Created: 02/24/2014 7:19 PM WHEC.com
By: Brett Davidsen
News10NBC has an update on our New York State Exposed report about sex offenders being placed in group homes. It’s a story that has touched a nerve in communities throughout western New York. While in Buffalo Monday, the governor was again asked about the controversial issue.
News10NBC asked the governor last week during his visit to Rochester about sex offenders being moved from the closed Monroe Developmental Center in Brighton to group home settings. On Monday, after an announcement in Buffalo, Governor Cuomo was questioned again about the topic and seemed to take a more sympathetic tone.
It comes on the heels of a protest in West Seneca on Saturday in which an estimated 300 people showed up. Residents and their town supervisor learned from our initial report that seven convicted sex offenders with developmental disabilities had recently been relocated from MDC to two adjoining group homes in a residential neighborhood there.
But it isn't just West Seneca. News10NBC’s investigation found that a dozen medium and high risk sex offenders who were in a secure unit of the institution just prior to its closing were quietly relocated to group homes throughout the area. Two of them are living in a home on North Road in Scottsville.
Critics of the closure plan forewarned that many of the residents could be a danger to the community and themselves if removed from a secure setting where they also receive intense treatment. The governor acknowledged that placement of the offenders needs to be carefully considered.
Gov.

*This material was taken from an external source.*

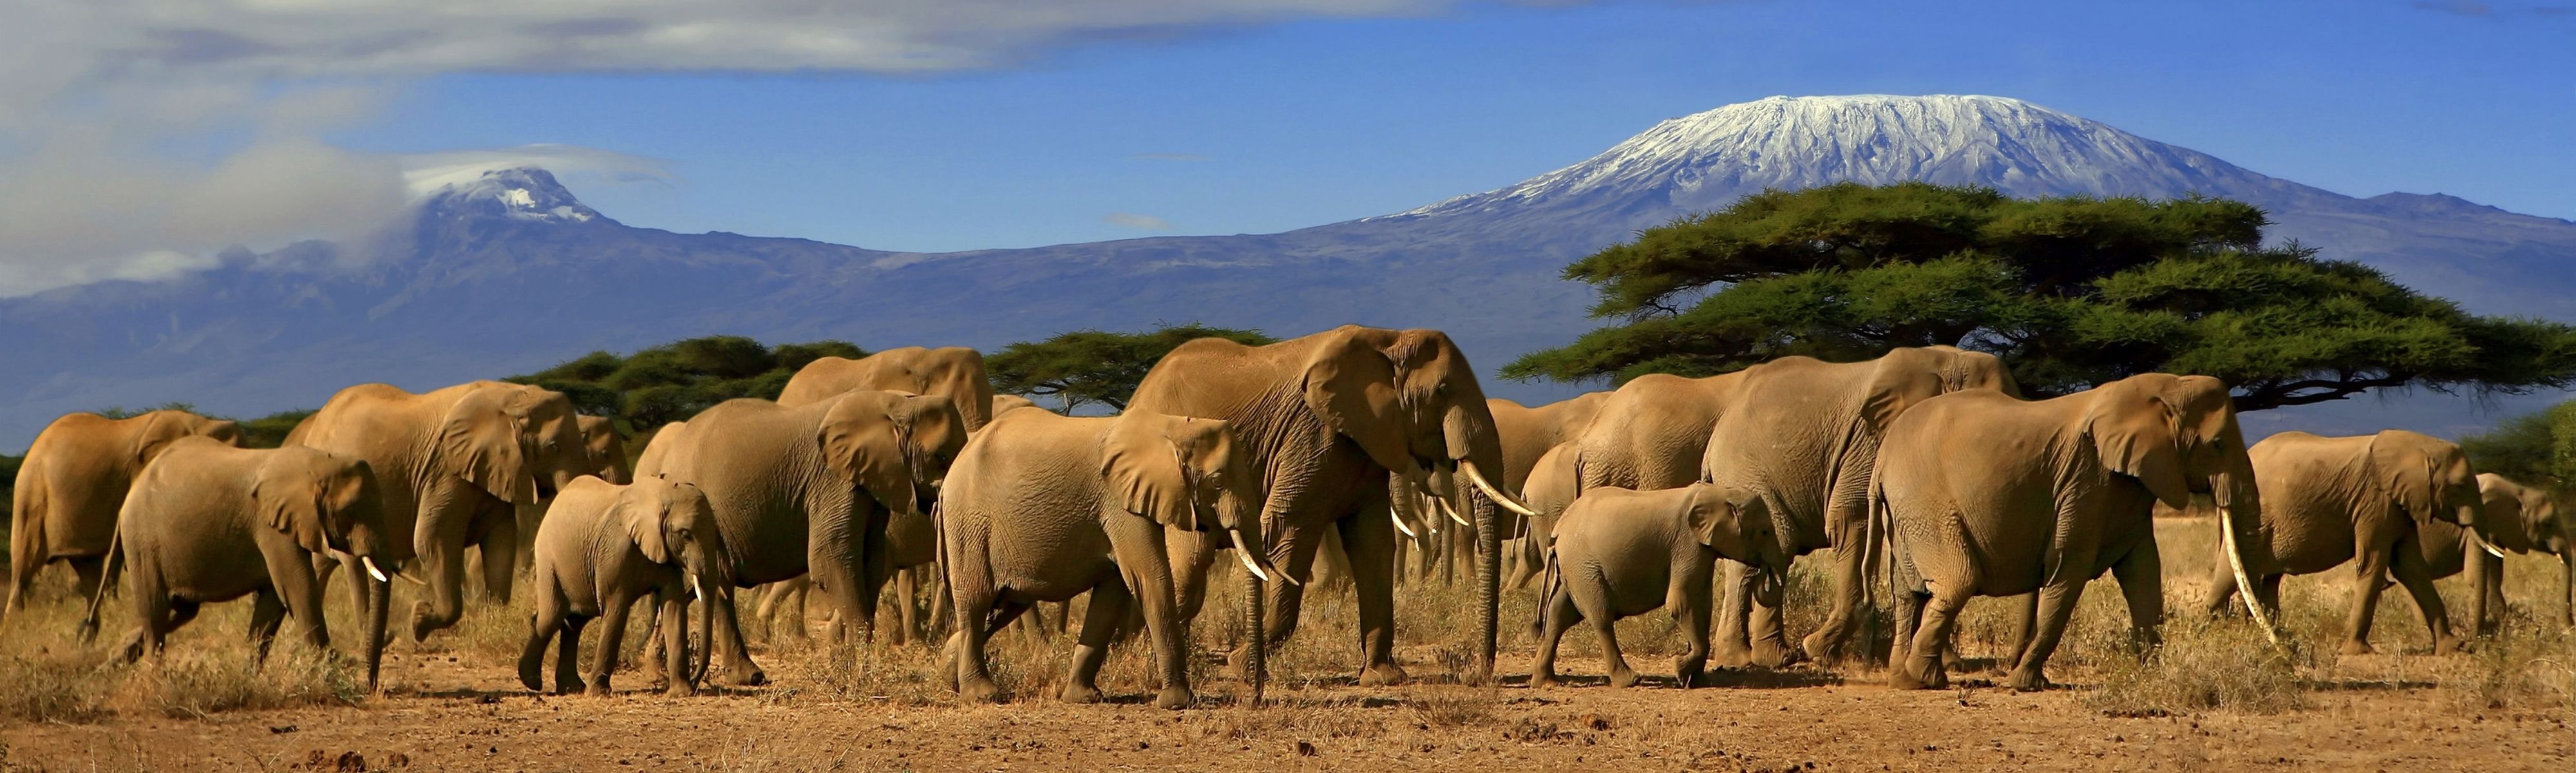 heards of elephants walking in tarangire national park

Andrew Cuomo said, "I understand why they would be nervous and why they would be upset. It's a real problem that we have. Sex offenders are released at one point when they are quote-unquote treated and deemed not at risk to society. But I totally understand the anxiety and the location should be appropriate."
The governor's office says any sex offender that poses a danger has been moved to another secure facility. Also, despite security concerns, state officials say the group homes have locks, alarms and trained supervision. The governor's office says it's important to point out these folks are in their care, not because they're criminals, but because they are developmentally disabled.